INPUT DATA |
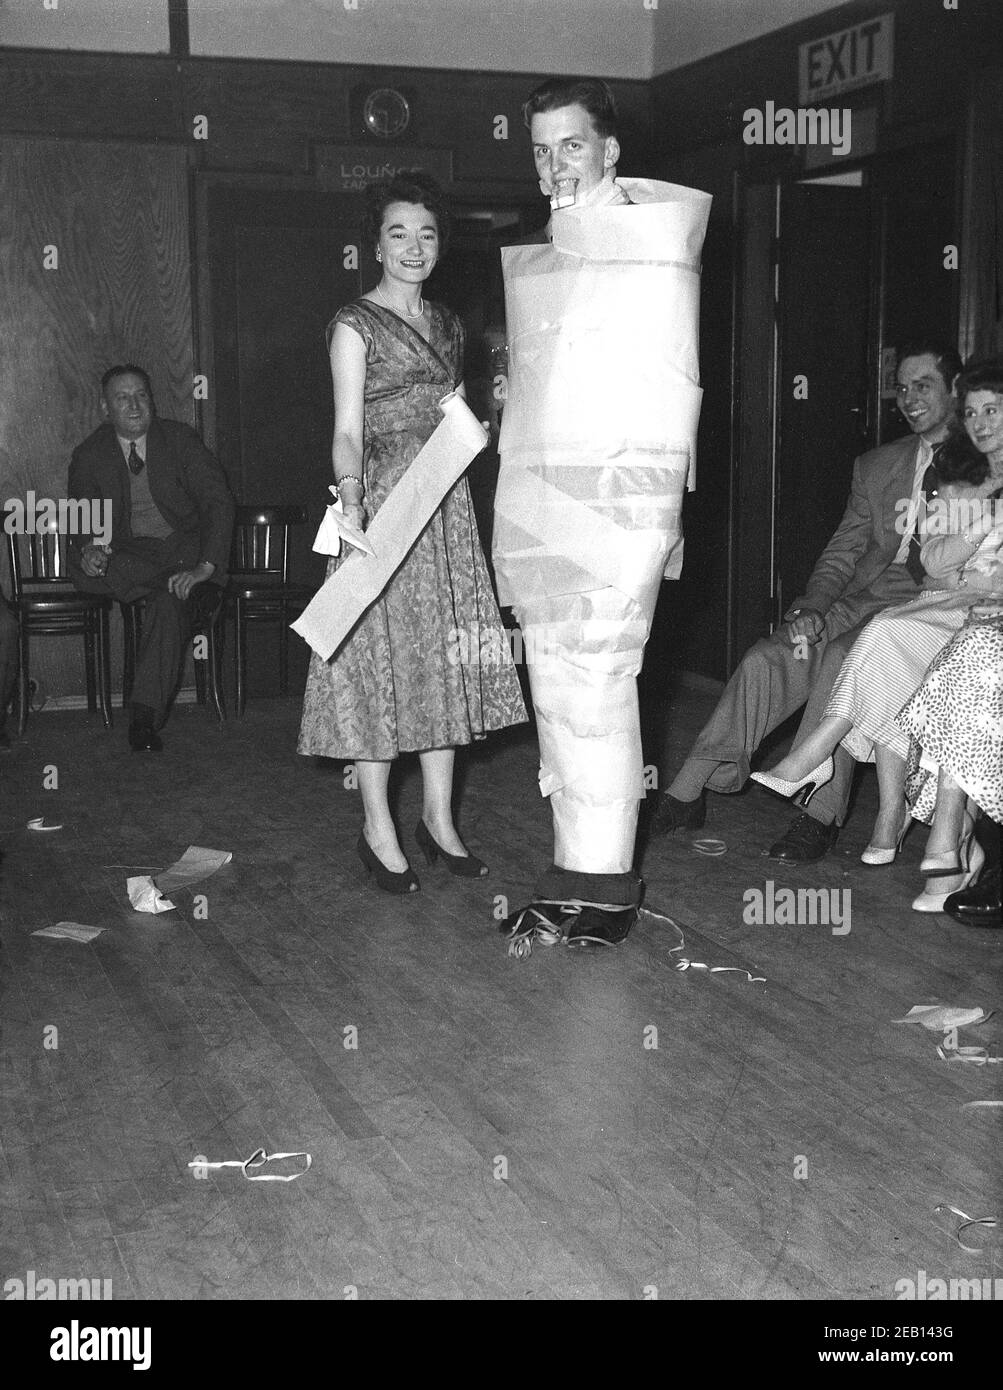 Dans les années 1950, historique, lors d'une fête d'anniversaire dans une salle de réception d'un hôtel, un grand jeune homme debout à côté d'une femme s'est enveloppé de papier marron dans le cou pour se faire un petit cadeau dans sa bouche, un jeu de fête de cette époque sans aucun doute, Angleterre, Royaume-Uni. La dame debout à côté de lui tient un rouleau de papier probablement ayant fait l'acte elle-même. Banque D'Images
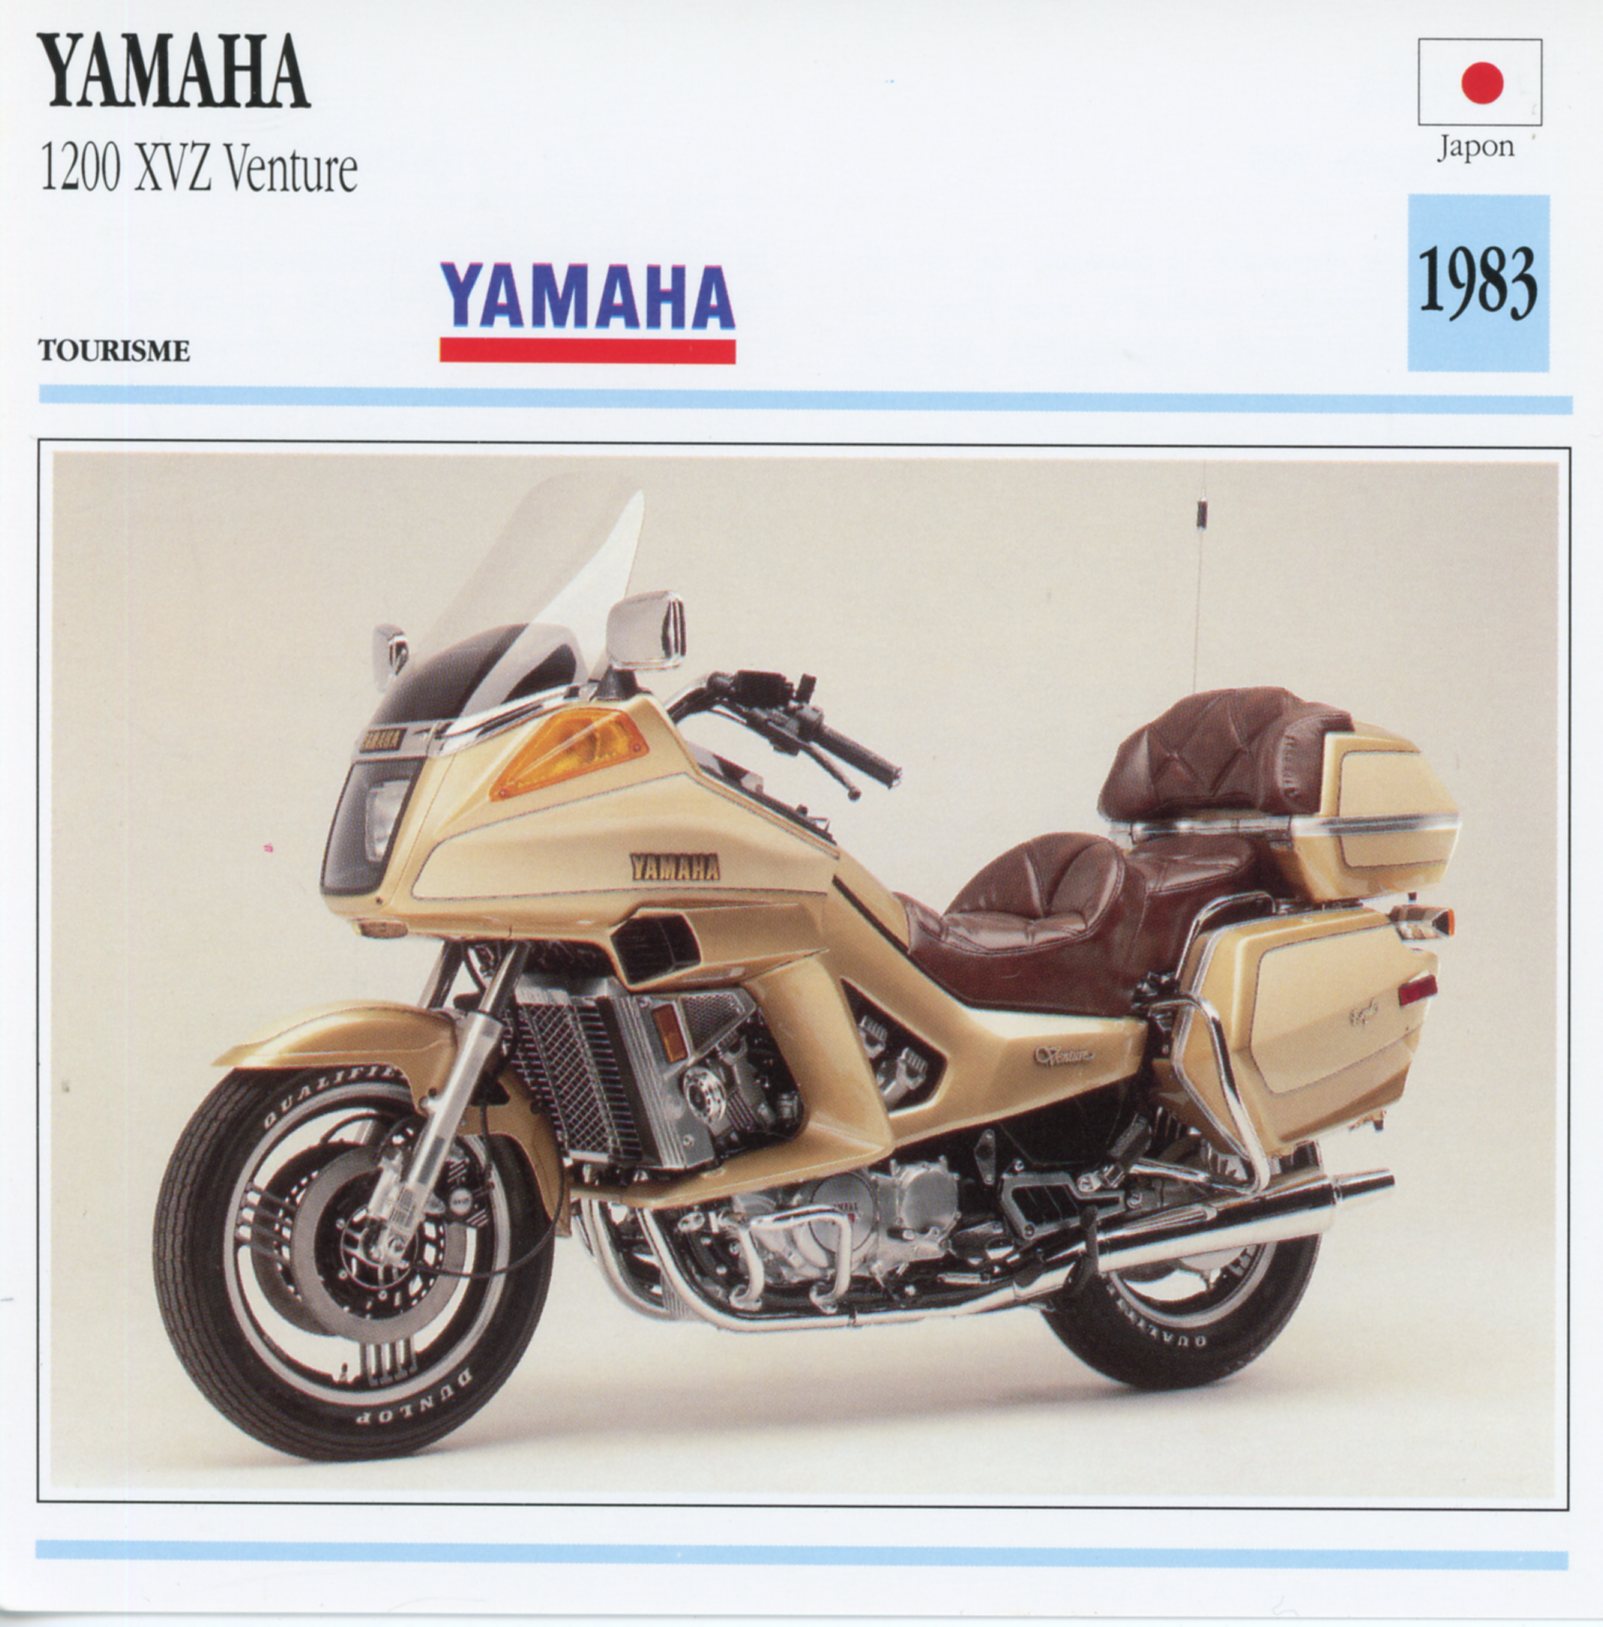 FICHE YAMAHA VENTURE 1200 XVZ - FICHE TECHNIQUE MOTO 1200XVZ
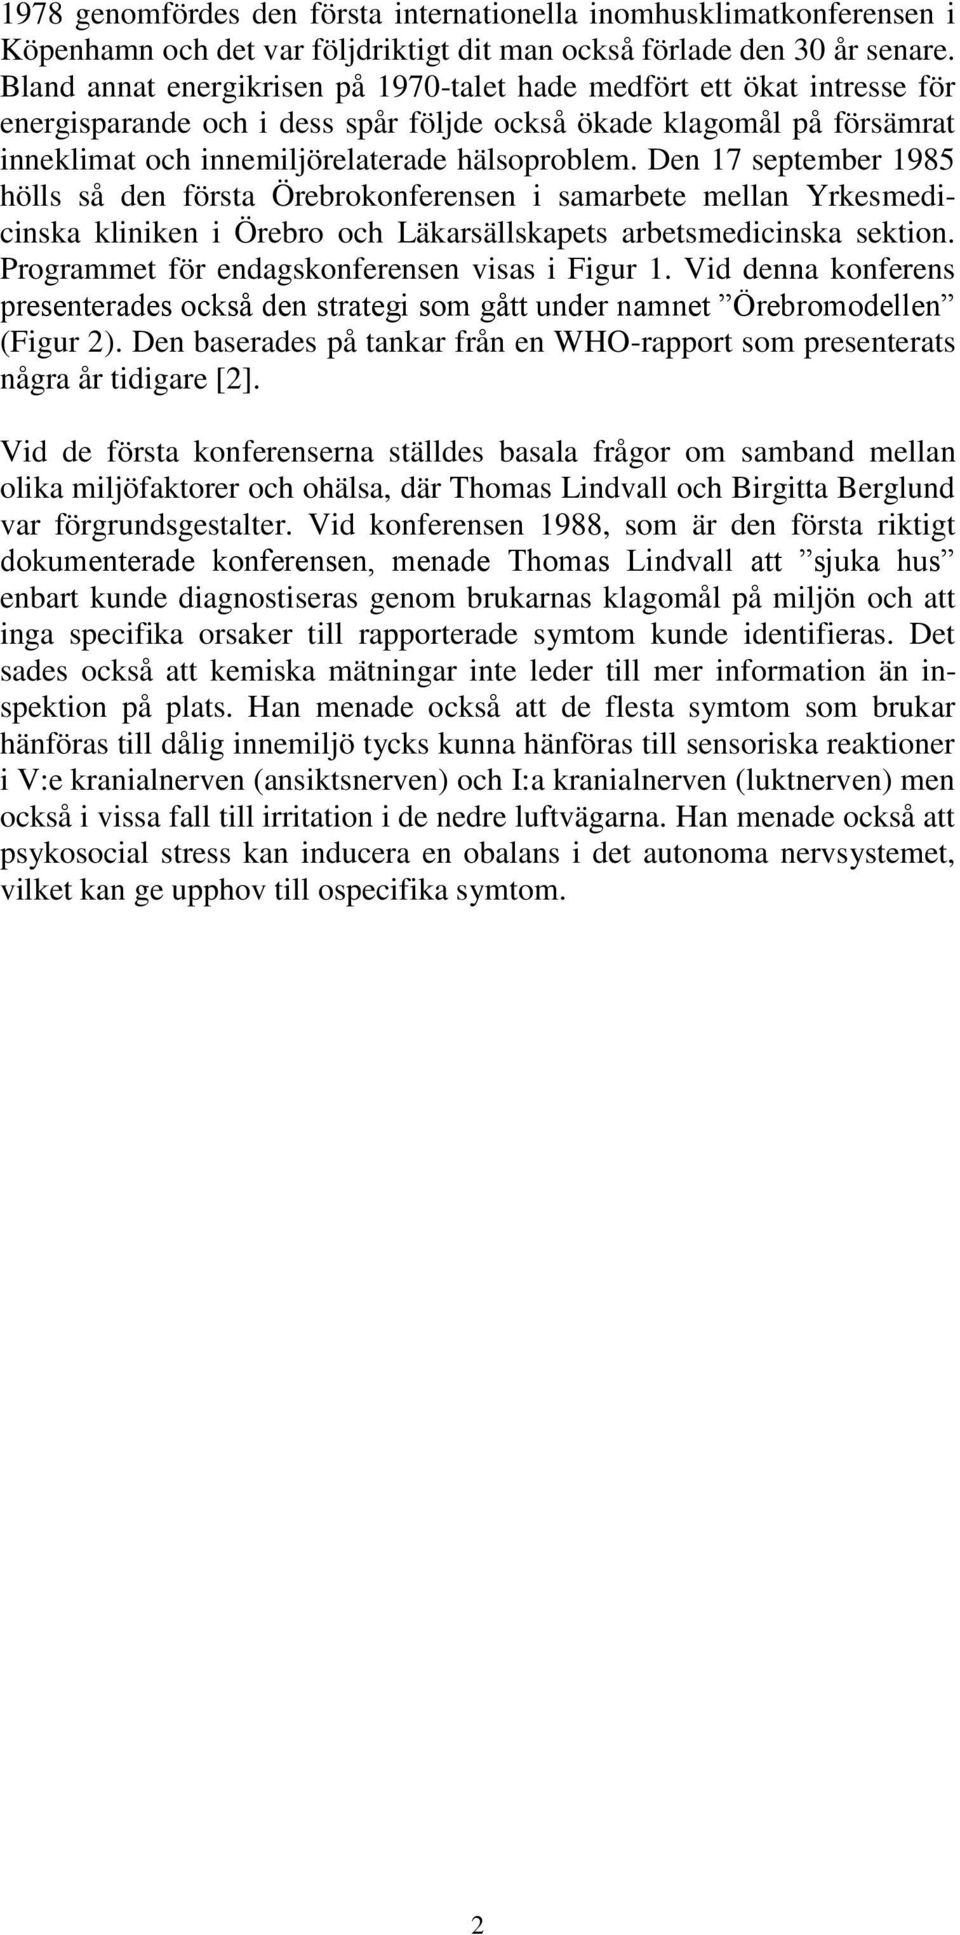 Den 17 september 1985 hölls så den första Örebrokonferensen i samarbete mellan Yrkesmedicinska kliniken i Örebro och Läkarsällskapets arbetsmedicinska sektion.

TASK PROMPT | The answer must repeat every line of the listing exactly and leave the pictures out.

RESPONSE |
 Dans les années 1950, historique, lors d'une fête d'anniversaire dans une salle de réception d'un hôtel, un grand jeune homme debout à côté d'une femme s'est enveloppé de papier marron dans le cou pour se faire un petit cadeau dans sa bouche, un jeu de fête de cette époque sans aucun doute, Angleterre, Royaume-Uni. La dame debout à côté de lui tient un rouleau de papier probablement ayant fait l'acte elle-même. Banque D'Images
 FICHE YAMAHA VENTURE 1200 XVZ - FICHE TECHNIQUE MOTO 1200XVZ
 Den 17 september 1985 hölls så den första Örebrokonferensen i samarbete mellan Yrkesmedicinska kliniken i Örebro och Läkarsällskapets arbetsmedicinska sektion.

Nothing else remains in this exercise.